We engage in a conversation with Prabodha Moharana, the State Programme Manager for Project Nirmanshree in Odisha, to gain insights into his perspective on the impactful work undertaken at Dhenkanal and Jajpur.
Tell us about your role in Project Nirmanshree.
As the State Programme Manager, my initial responsibilities included overseeing the team, identifying clusters, and ensuring effective programme implementation in Odisha. It is my duty to assess the growth of the social enterprises we support, ensuring they receive proper guidance and evaluating the impact of our RPL (Recognition of Prior Learning) training. Additionally, I collaborate with government agencies and other promotional entities to facilitate convergence between programmes and agencies.
What motivated you to join Project Nirmanshree and Habitat for Humanity India?
This project is particularly challenging as there has been minimal focus on women in the construction sector. On a personal level, I am committed to addressing this gap and striving to integrate women in the construction sector into formal training programmes. My aim is to ensure they fully benefit from the initiatives offered by government, non-government, and para-government agencies.
Do you have any memorable experiences to share about your time working on the field?
Upon initiating mobilisation and conducting needs assessment studies at the ground level, we encountered reluctance from women to share their information. Mobility was also a significant challenge for them, preventing them from moving to other locations. Moreover, there was a prevailing disbelief among the women within the construction sector regarding the availability of formal training opportunities. To address these barriers, we conducted awareness programmes, created videos, posters, and brochures. Gradually, as a result of our efforts, women started approaching us, overcoming their initial hesitation, and willingly enrolled themselves to receive training based on our appeal.

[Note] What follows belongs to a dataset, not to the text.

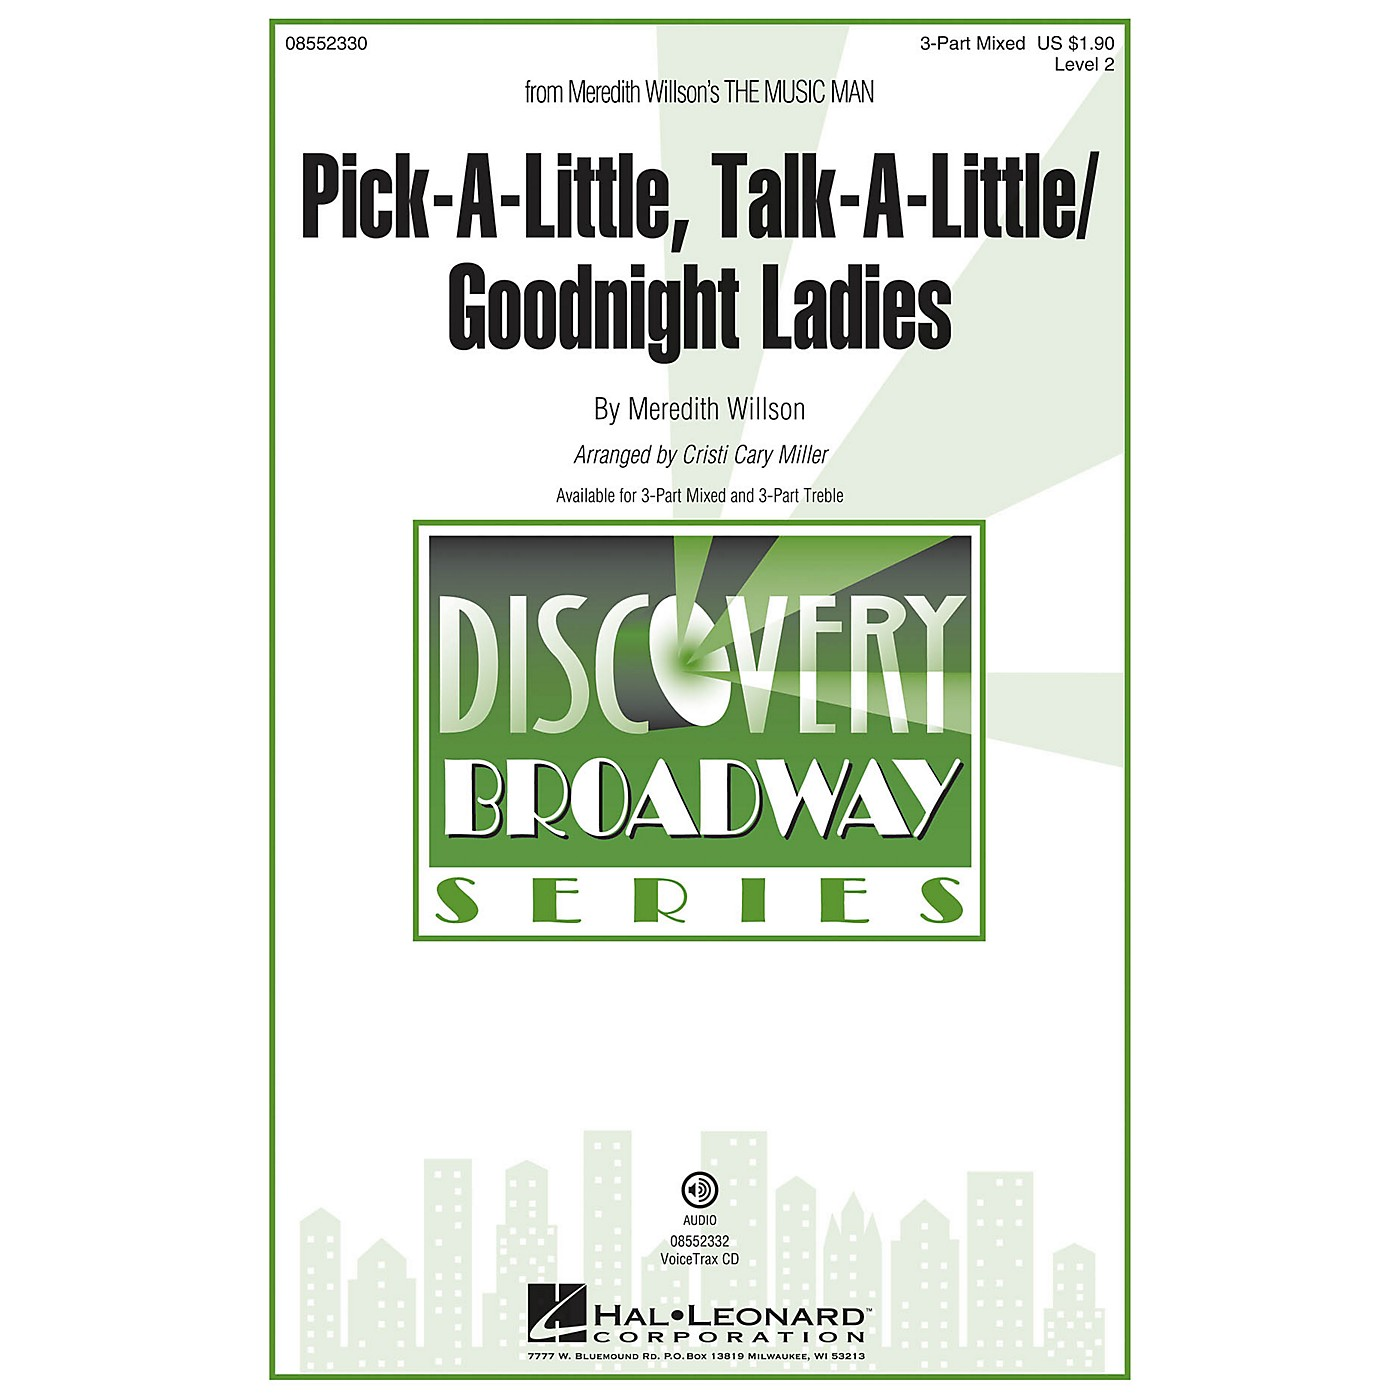 Hal Leonard Pick-a-little, Talk-a-little/Goodnight Ladies VoiceTrax CD Arranged by Cristi Cary Miller thumbnail

This marked a significant and impactful development in our project.
What are some of the challenges you have faced while working for Project Nirmanshree?
The primary challenge we faced was engaging with the target groups, predominantly comprised of labour groups and female construction workers. Supporting them required multiple interactions, and due to their daytime work schedules, we had to find ways to schedule our meetings with them. Additionally, the geographical distance of these communities presented a logistical challenge. Moreover, our project coincided with the COVID-19 pandemic, which imposed restrictions on movement and hindered regular interactions with the women and the communities. This situation significantly impacted the progress of our project, but we kept marching forward despite all the challenges.
Have your views on women empowerment changed after you started working with Project Nirmanshree?
Certainly, my perspective has evolved. Initially, I held the belief that women were primarily suited for less physically demanding jobs. However, as we progressed through this project, we observed women actively engaged in more strenuous tasks within the construction sector, such as moving bricks and mixing sand — activities that demand physical labour. This experience has completely altered my previous perception, as I now recognise the capability of women to excel in physically demanding roles, particularly within the construction sector.
Would you like to keep working for women empowerment within the social sector?
As of now, we have successfully trained around 3,007 women in Orissa and Maharashtra. Our efforts have led to the promotion of 50 social enterprises in both the states. On a personal level, I would like to collaborate and engage with various entities, including government agencies and other community-based organisations, to advocate for the replication and scaling up of the successful initiatives implemented in this project to benefit other regions as well.
Do you have any recommendations going ahead?
In Odisha, we have facilitated the establishment of 25 social enterprises. However, these enterprises do require further support and guidance to ensure their sustained growth and expansion. It is essential to secure financial benefits by establishing linkages with other agencies. This includes crucial support for market linkages, encompassing digital marketing, advertising, and other connections both forward and backward in the supply chain. Additionally, there is a requirement for heightened awareness and knowledge on digitisation. There should also be collaboration and convergence with parallel agencies to enhance programme expansion. Moving forward, these two major initiatives should be prioritised and advanced.
How does women empowerment help communities build stronger communities?
Even a decade ago, women refrained from relying on public transportation and were hesitant to engage in public discussions or attend meetings. In present times, however, women have become more assertive, actively seeking to have their voices heard. They are now advocating for their rights. Furthermore, women are actively pursuing additional income opportunities to secure both financial and social benefits for their families. They play an equal role in contributing to the development of their families. Although there are still some milestones to achieve, the overall situation for women has significantly improved, surpassing the conditions of the past. This illustrates the capacity of women’s empowerment to foster more resilient and robust communities.